選択ソート(最大値選択法)は、以下のステップを繰り返すアルゴリズムです。

  1. まず、配列全体(未ソート領域)の中から一番大きな値(最大値)を探し出します。
  2. 見つけた最大値を、未ソート領域の一番後ろ(末尾)の要素と交換 (Swap) します。
  3. これで、配列の一番後ろの要素は「確定(ソート済み)」となります。
  4. 次に、残りの「未ソート領域」(配列の先頭から末尾-1まで)に対して、再び 1. と 2. を繰り返します。
  5. 未ソート領域が1つになるまでこれを続けると、全体が整列されます。

2. 選択ソートでトランプを並び替えたら?

一番初めは、全体のうちの最大値を探す(選択).

最大値が見つかったので、一番右と入れ替える

Kは最大で確定したので、Kを除く未ソート部分(Qから2まで)の最大値を探す(選択).

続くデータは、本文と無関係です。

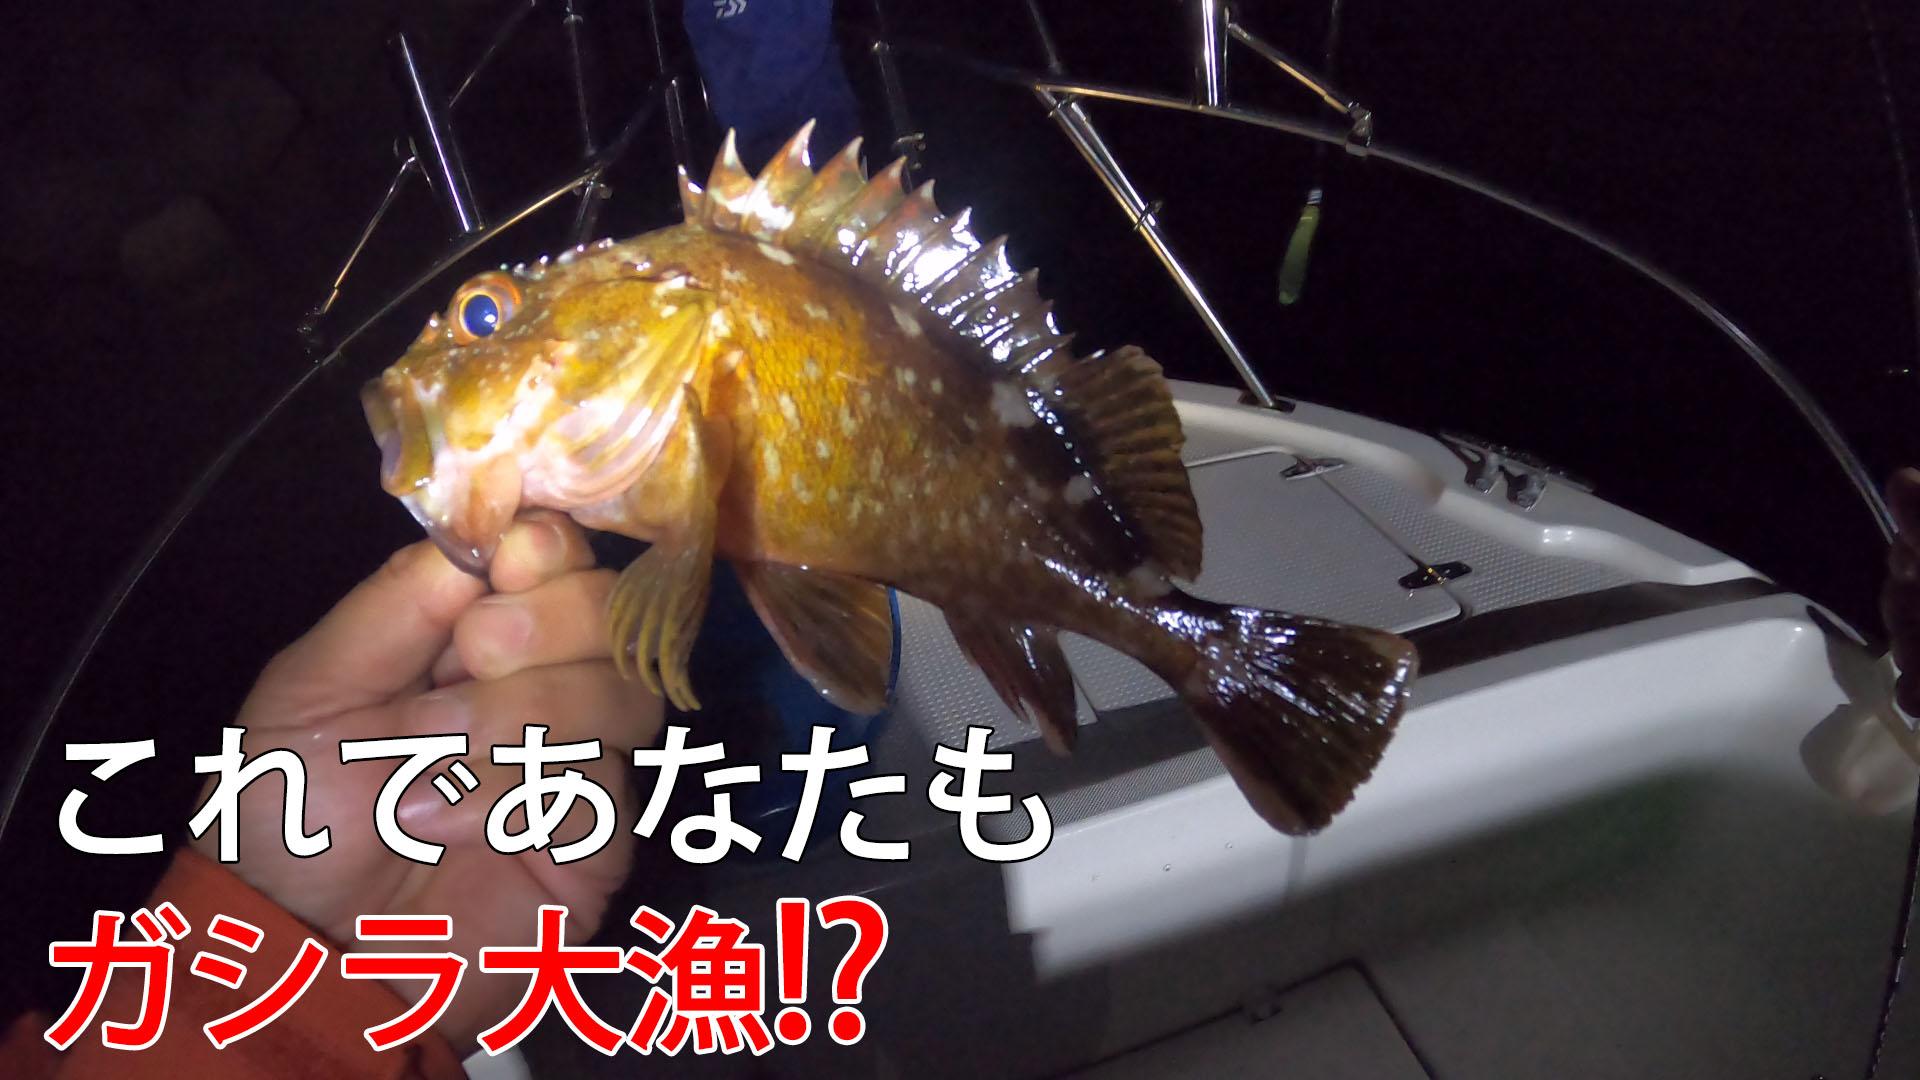 釣りのプロに教わるガシラ釣り解説のサムネイル
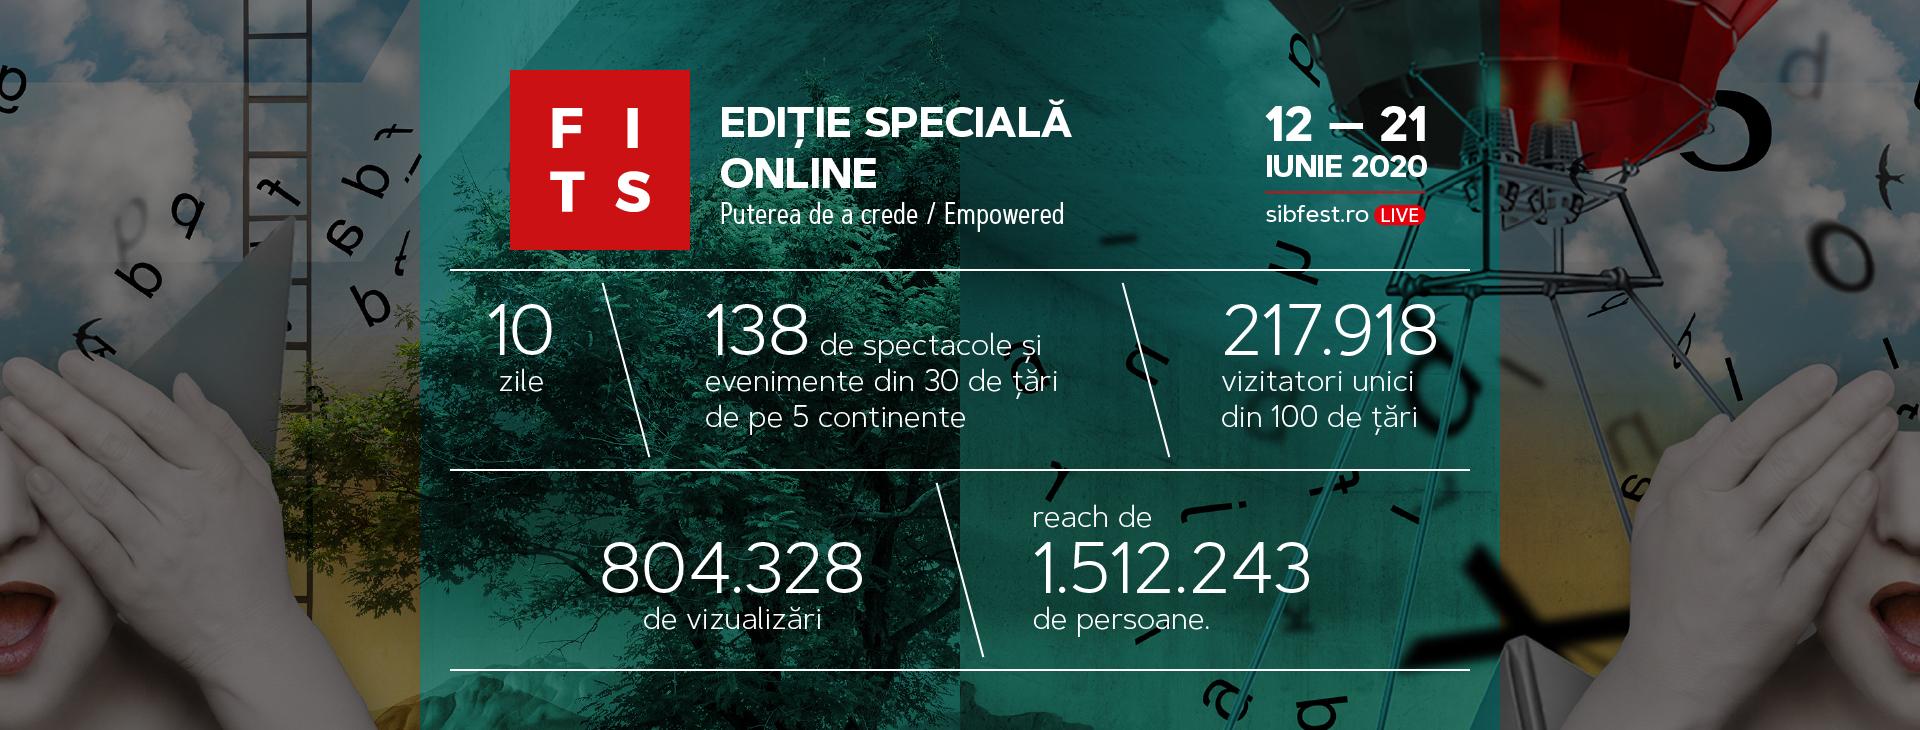 Bilanț FITSonline 2020: 217.918 vizitatori unici și 804.328 de vizualizări, timp de 10 zile

3回目も同様にして、未ソート部分から最大値を見つけて選択し、入れ替える。

4枚目以降も同様にして、最後まで入れ替えたら完了。

3. 選択ソートの動きを見てみよう!

選択ソートで並び替えを試せます。ステップ実行ボタンを押して、並び替えを進めてみてください。

黄色が未ソート部分での最大値で、オレンジになっているところはすでに並び替え終わっています。

「再配置」を押して開始してください

選択ソートの疑似コード(ソートの手順)

手元で試せる環境があったら自身の慣れているプログラミング言語で以下の処理を書いてみると理解が深まると思います。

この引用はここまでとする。